L ‘ opponente, chiedendo la revoca del decreto opposto, eccepiva il proprio difetto di legittimazione passiva, la mancanza dei presupposti legittimanti il credito ed il diritto al rimborso delle spese sostenute per l ‘ erogazione del servizio di assistenza agli anziani non autosufficienti, nonché la mancata osservanza degli oneri formali richiesti dall ‘ articolo 59 L.R. Sicilia n. 33/1996. Deduceva, inoltre, l ‘ insussistenza del presunto riconoscimento del debito nell ‘ ambito della conferenza di servizi tenutasi il 9 dicembre 2010, nonché la prescrizione del credito e l ‘ infondatezza della richiesta degli interessi di cui al D.Lgs. n. 231/2002.
Con la sentenza n. 750/2017 il Tribunale di Catania, in parziale accoglimento dell ‘ opposizione, revocava il decreto ingiuntivo, condannando al contempo l ‘ Azienda Sanitaria Provinciale al pagamento, in favore del Comune, dell ‘importo di € 12.105.285,24, oltre interessi ex D.Lgs. n. 231/2002.
In accoglimento della domanda riconvenzionale dell ‘ ASP, condannava il Comune al pagamento in favore dell ‘ Azienda Sanitaria della somma di € 478.063,26 con gli interessi di cui al
D.Lgs. n. 231/2002 e poneva in parziale compensazione i reciproci crediti.

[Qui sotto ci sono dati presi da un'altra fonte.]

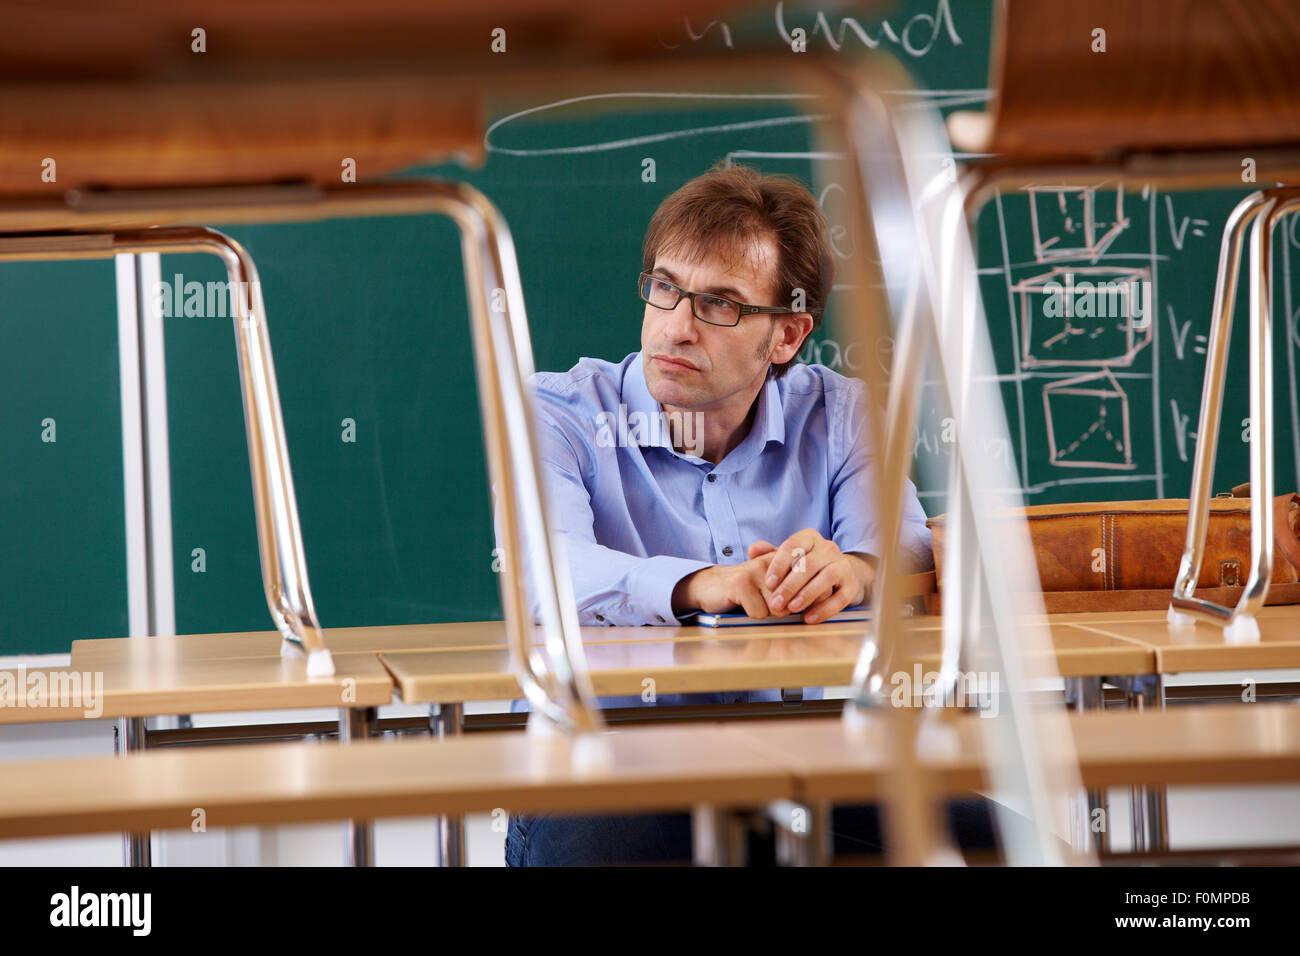 Épuisé enseignant en salle de classe Photo Stock

La Corte d ‘ appello di Catania, con la sentenza n. 1167/2020 del 7 luglio 2020, ritenendo, invece, fondato l ‘ appello dell ‘ Azienda Sanitaria Provinciale di Catania, annullava sia la statuizione di condanna dell ‘ ASP Catania al pagamento in favore del Comune della somma di € 12.105.285,24, oltre interessi ex D.Lgs. n. 231/2002, sia la statuizione relativa alla parziale compensazione dei reciproci crediti. Condannava, conseguentemente, il Comune alla restituzione in favore dell ‘ Azienda Sanitaria Provinciale dell ‘importo di € 7.500.000,00, corrisposto in esecuzione del decreto ingiuntivo revocato, con gli interessi a far data dal pagamento e fino all ‘ effettivo soddisfo.

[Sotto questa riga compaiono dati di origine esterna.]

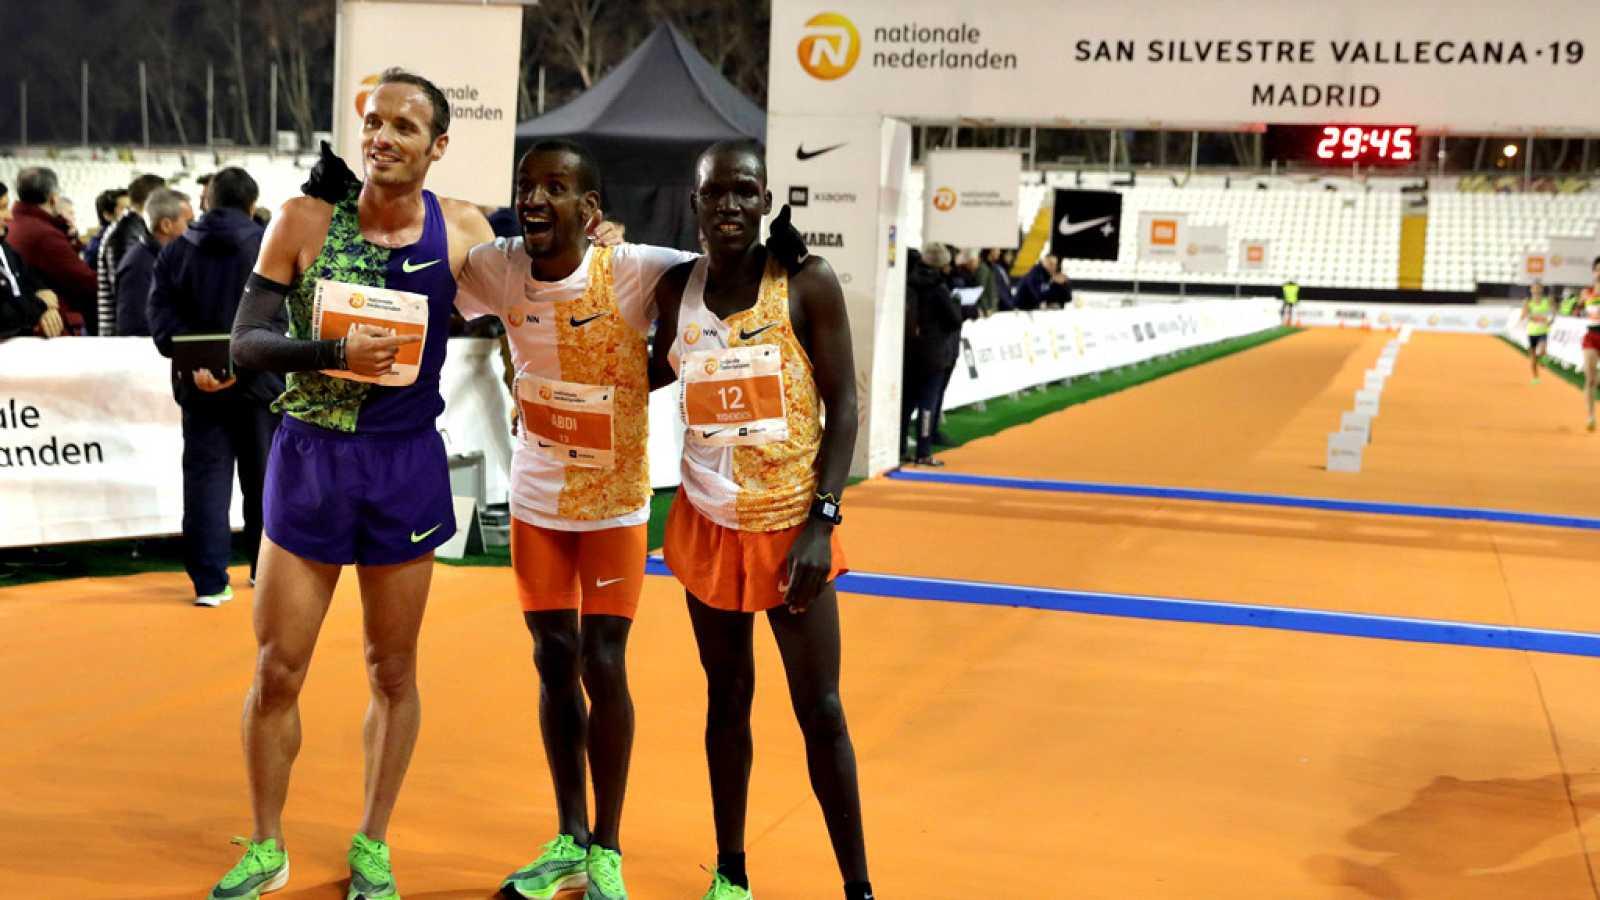 El belga de origen somalí Bashir Abdi, con un tiempo de 27:47, y la etíope Helen Bekele Tola (30:50) conquistaron la 55 edición de la Nationale-Nederlanden San Silvestre Vallecana, que congregó a 42.000 corredores para estrenar la Etiqueta de Oro oto

Avverso tale pronuncia il Comune di Catania propone ricorso per Cassazione con cinque motivi, illustrati da memoria.
3.1. L ‘ ASP si è costituita con controricorso, con cui ha chiesto il rigetto dell ‘ impugnativa del Comune, sostenendone la palese inammissibilità e chiedendone, per tale ragione, la condanna al risarcimento del danno ex art. 96, comma 1, c.p.c. o, in subordine, del comma 3, dello stesso articolo. Ha depositato memoria.
3.1. La Sostituta Procuratrice Generale ha depositato conclusioni scritte chiedendo l ‘ accoglimento dei primi tre motivi di ricorso. Il Collegio si è riservato il deposito nei successivi sessanta giorni.
RAGIONI DELLA DECISIONE
4.1. Con il primo motivo, articolato in più censure, parte ricorrente lamenta, ai sensi dell ‘ art. 360, comma 1, n. 3, c.p.c: (i) la violazione ed errata applicazione dell ‘ art. 17, commi 1 e 2, L.R. n. 22/1986; (ii) l ‘ errata applicazione degli artt. 345 e 169, commi 1 e 2, c.p.c. Inoltre, deduce la nullità della sentenza, ai sensi dell ‘ art. 360, comma 1, n. 4, c.p.c., per ‘contrasto con le prove fornite e documentate’, per mancanza di ‘legittima e esaustiva
motivazione’, oltre perché distonica con l’ ordinanza del Tribunale del 17.10.2010.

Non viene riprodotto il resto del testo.